For one thing, the reboot Legion interacted with the 20th/21st century DCU on a number of occasions. Many of the reboot Legionnaires spent long periods of time in the present-day DCU. Did all that still happen, or did Infinite Crisis (and, I suppose, 52) erase it?

For another, there's the problem of Bart Allen. Not only did Bart meet the reboot Legion and spend a lot of time with them, but one of them was even his cousin: Jenni Ognats, aka XS. (Jenni's mom was Dawn Allen, sister of Bart's dad Don Allen.) So if the reboot Legion's reality is no longer the mainstream DCU's future, then where did Bart come from? Does he remember his cousin? Does he even still have a cousin?
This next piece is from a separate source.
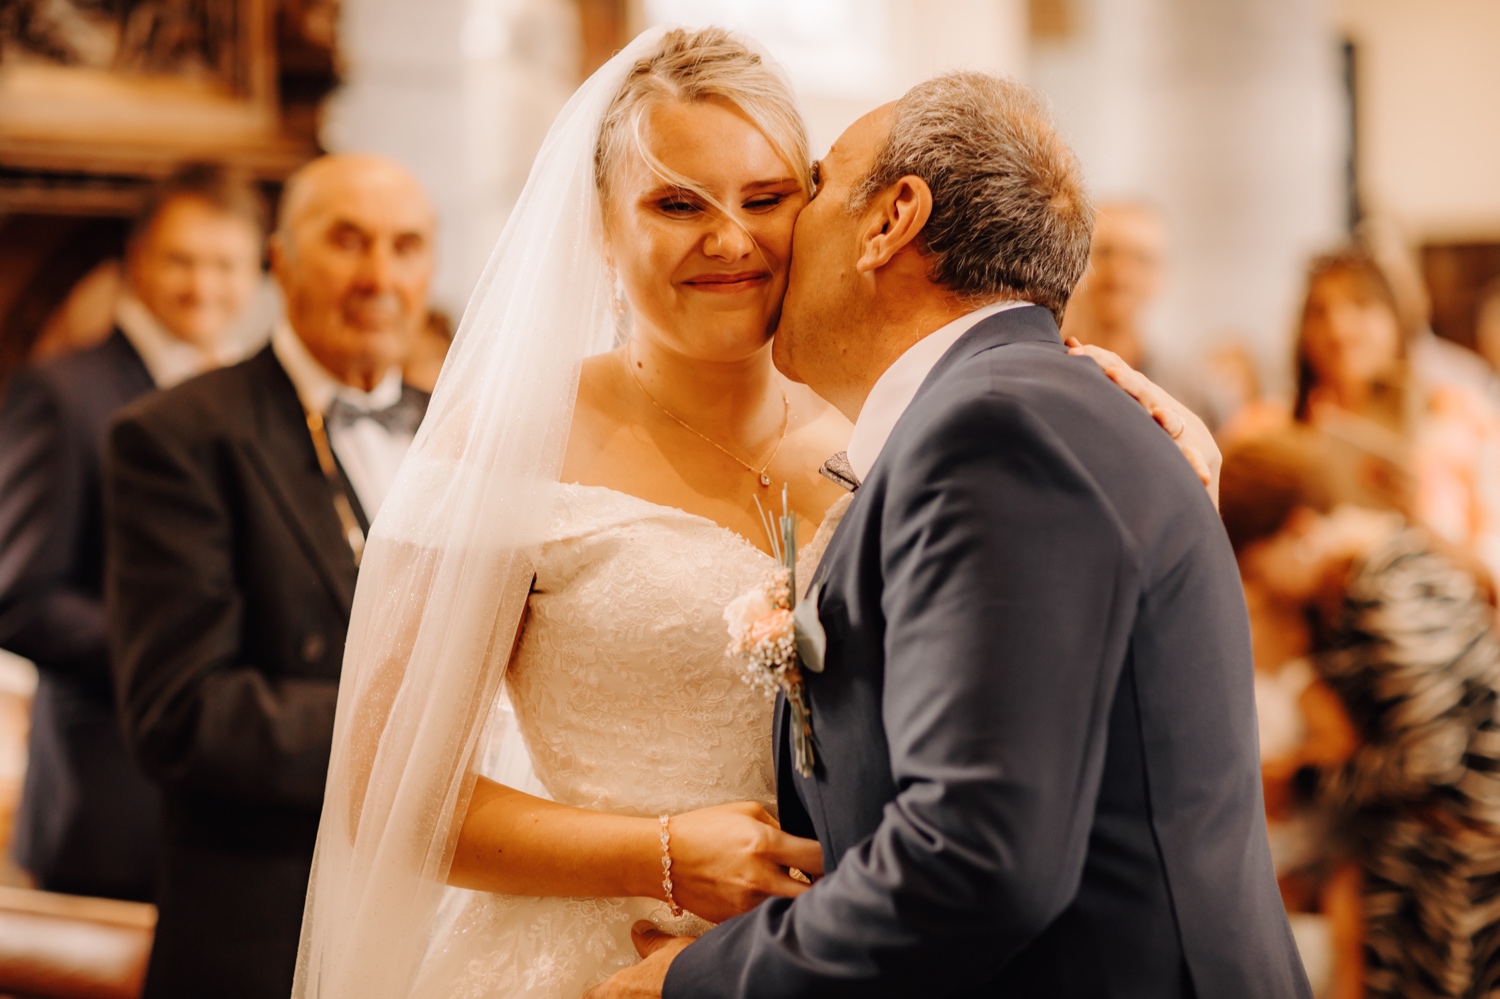 Huwelijksfotograaf Limburg - vader geeft bruid een kus op de wang

Bart's dead now, so there's really no urgency to address this... but I wonder if it's going to be one of the things swept under the rug when DC finally sorts out what the deal is with both the threeboot Legion and 2x+unboot Legion having connections to the current present-day DCU.

It doesn’t look like DC’s trying to completely sweep this Legion under the rug*. The Lightning Saga crossover in JLA and JSA contained mention of an adventure called ‘Legion of Three Worlds’, which almost certainly refers to the 2x+unboot Legion, the reboot Legion and the threeboot Legion having some kind of crossover story of their own (the presence of the reboot Legion among those three was almost guaranteed in a subsequent issue of JSA when Starman mentioned XS to Superman). No word on if or when we’re ever going to get the straight of that, but any source of hope is welcome to those of us who miss the reboot Legion.



* unlike the Five-Years-Later Legion, that is.